Everything You Need to Know About Poly-Open Relationships (Part Two)

Discerning Daddy

Before my husband, Alex, and I met our boyfriend Jon, I met three men living in a triad. I was intrigued by the idea, but I couldn’t help but think the whole thing was a little ridiculous.

I remember saying to Alex, “I would never want to be in a relationship like that.”

The truth is, the idea scared me. I imagined Alex and the other guy falling more in love then they were with me. I imagined them leaving me and running off together. I imagined myself alone.

When we met Jon and decided to try making something work with the three of us I created all these rules: rules that I now know, were intended to protect me from being left, to shelter me from my fears.

We weren’t allowed to fuck unless we were all there. We only communicated in a three-way chat. The list of rules went on and on, but in the end you can’t protect yourself from other people leaving you. You can’t control how they are going to feel.

Eventually, the rules began to slip away, and I learned to trust Jon and Alex, to trust myself and the three of us, but it wasn’t always easy.

I always say that three-way fucking is really great, but three-way fighting really sucks. And there was plenty of both, thank God there was more fucking then fighting, but adding a new partner (s) won’t magically make everything perfect and beautiful.

There is suddenly this whole new person that you and your partner have to learn and navigate, with all their feelings and beliefs and fears.

But it can also be really beautiful.

In part one I talked about what poly relationships are, how do you know if it is right for you, about jealousy and disclosure, and about the importance of communication. In Part Two I want to talk about some of the things that will help you maintain a healthy, happy, and sexy poly relationship.

1. We’ve met a guy, and we want to make him part of our relationship. How do we bring in a third (or 5th or 6th)?

I can’t stress the importance of clear and honest communication. Before you even begin this journey you have to be clear and honest with yourself, and then with your partner. If you guys are clear about what you want and what you are capable of, it’ll be that much easier to express those expectations and needs to your new partner (s).

When Alex and I decided to move Jon into our home we made a clear choice: Jon was going to be one third of this relationship. He was an equal member. This wasn’t easy. Alex and I had two years of history before Jon. We had a way of communicating with each other. It took time for all of us to navigate this but we did it successfully because we were willing to talk to each other. A lot.

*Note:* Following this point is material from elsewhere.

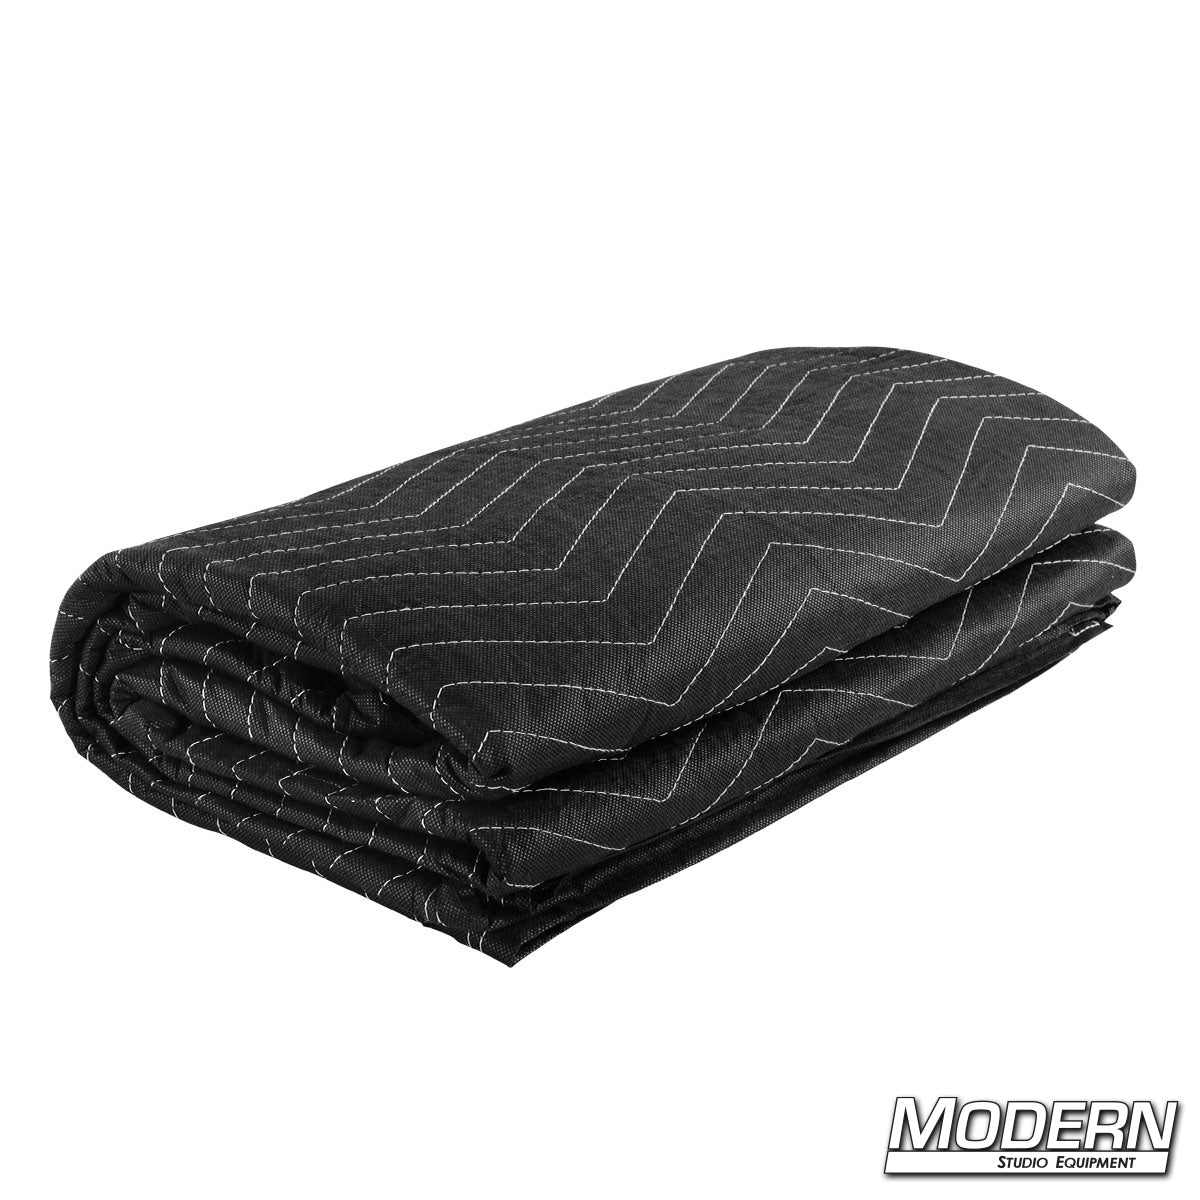 Furniture Blanket - Black / Black

Regardless of how you choose to bring in your new partner (s), or if you are bringing in a “pup” or a “sub” or “dom” or just someone to date while maintaining your “primary” status, knowing this upfront and being able to express those expectations and limits to your new partner (s) is crucial.

One suggestion I have is be open to change and try to let go of control. You will be amazed at the possibilities that can happen if you aren’t trying to control everything and everyone.

2. How do I be a good 3rd (or 4th or 7th) to an already established partnership?

I have been the third for a few (Maybe more than a few) couples, and the key is being attentive to both partners. There are things we will like or be attracted to in each person, and it is important to focus on these things, and to be open to all people in the relationship. If I am more interested in one than the other, or only interested in one, I tend to back out. It never goes well. It’s about making sure we all have fun and we are all included. I try to bring as little drama as possible.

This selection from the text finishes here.